Wilmington serves as an inspiration, and he uses his art and ingenuity to give back to the community.

“I want Wilmington to be a part of the story,” he says. “I want people to feel a sense of pride that they got a chance to be a part of all this.”

Van Meter has been using the shutdown as an excuse to work on a garden space. When complete, it will feature a putting green, seating for guests, kombucha tea, and a few surprises he has yet to unveil.

“It’ll be a downtown jam for sure, once I’m done with it,” Van Meter says with a childlike grin.

He also regularly produces animations and a steady flow of original art that can be found on Instagram.

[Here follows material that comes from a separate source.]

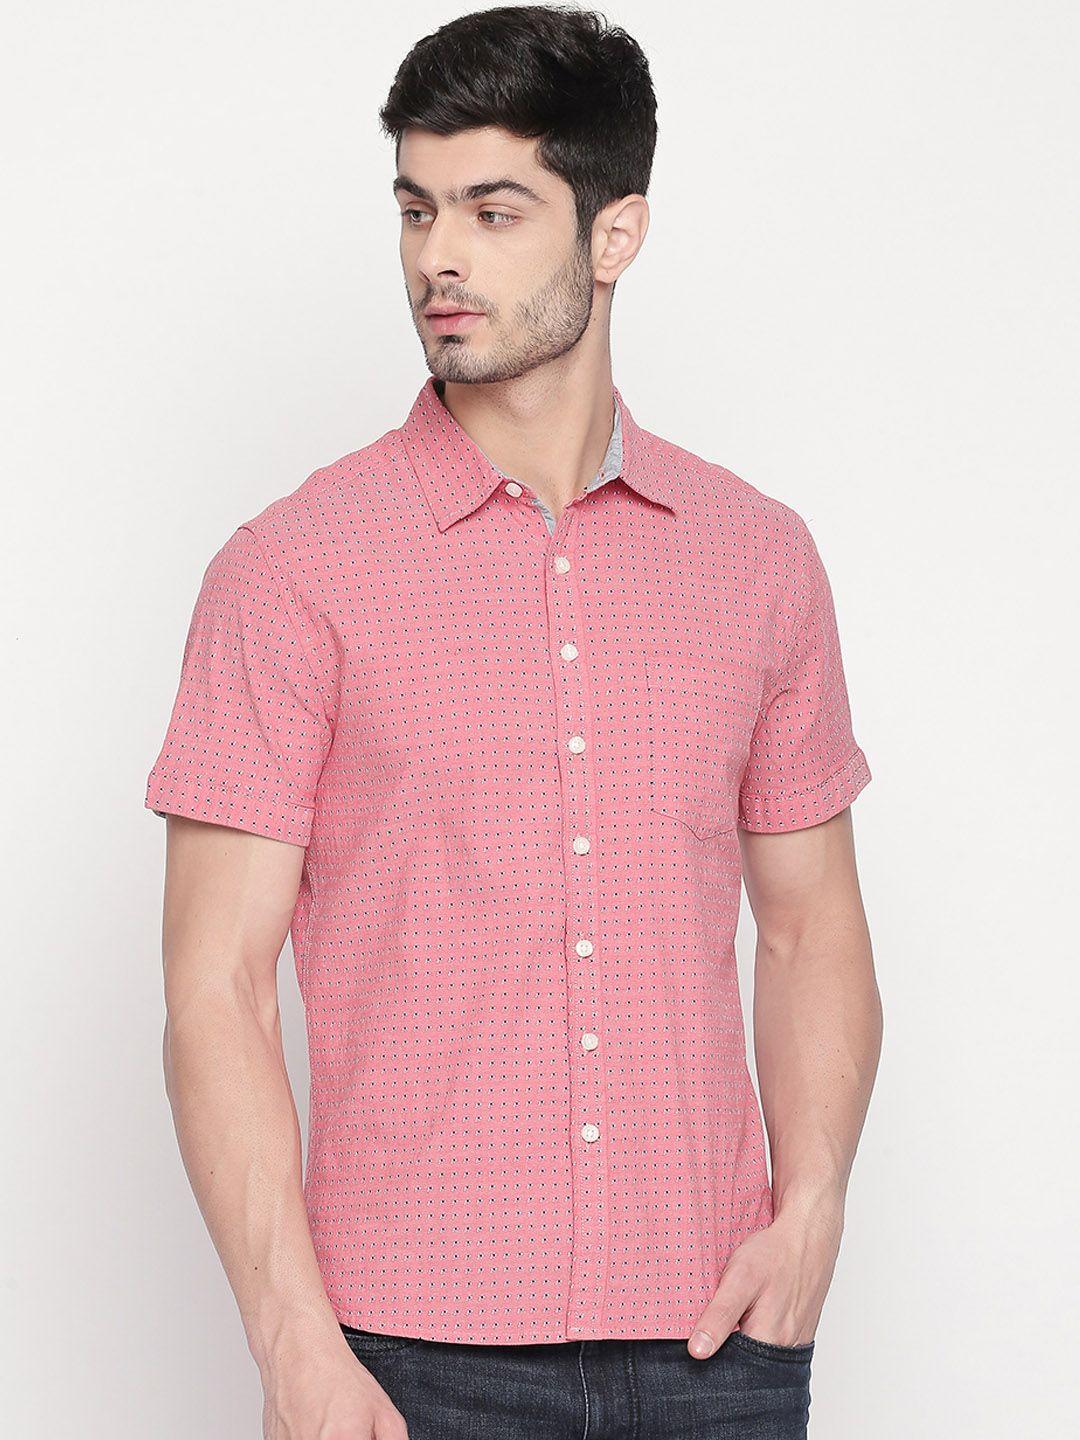 kenneth cole men red & white regular fit printed casual shirt

The renaissance is alive and well in the work of Peta Wanliss. No detail is spared in her intricate renderings that blend the magical and the real into striking paintings that captivate the viewer. Every inch of Wanliss’s canvases is covered with ornate surprises.

At 23, Wanliss is at the beginning of what looks to be a very promising career. She has already established herself as a skilled painter, muralist, and comic book artist. She has no classical training, but it’s not evident from the work she creates. While her pieces often have magical themes, the paintings themselves are well-oiled machines, complex equations of composition, color, and linework. Her dedication to her craft serves as an example to her generation of just how far patience and hard work can get you.

Originally from Jamaica, Wanliss now lives in downtown Wilmington where she is heavily involved in the art and comic book community.

“My dream is to be a professional artist and to make a name for myself in the art world,” Wanliss said. “I would like to influence my generation to reach their fullest potential, but I know I have a long way to go.”

Inktober Rules

1 Make a drawing in ink (you can do a pencil under-drawing if you want).

2 Post it… on any social media account you want or just post it on your refrigerator. The point is to share your art with someone.

3 Hashtag it with #inktober and #inktober2020.

4 Repeat.

You can do it daily, or go the half-marathon route and post every other day, or just do the 5K and post once a week. Whatever you decide, just be consistent with it. Inktober is about growing and improving and forming positive habits, so the more you’re consistent the better.

Optional: Go to the inktober website to see their official ‘prompt list’ to inspire your daily drawings.

That’s it! Now go make something beautiful.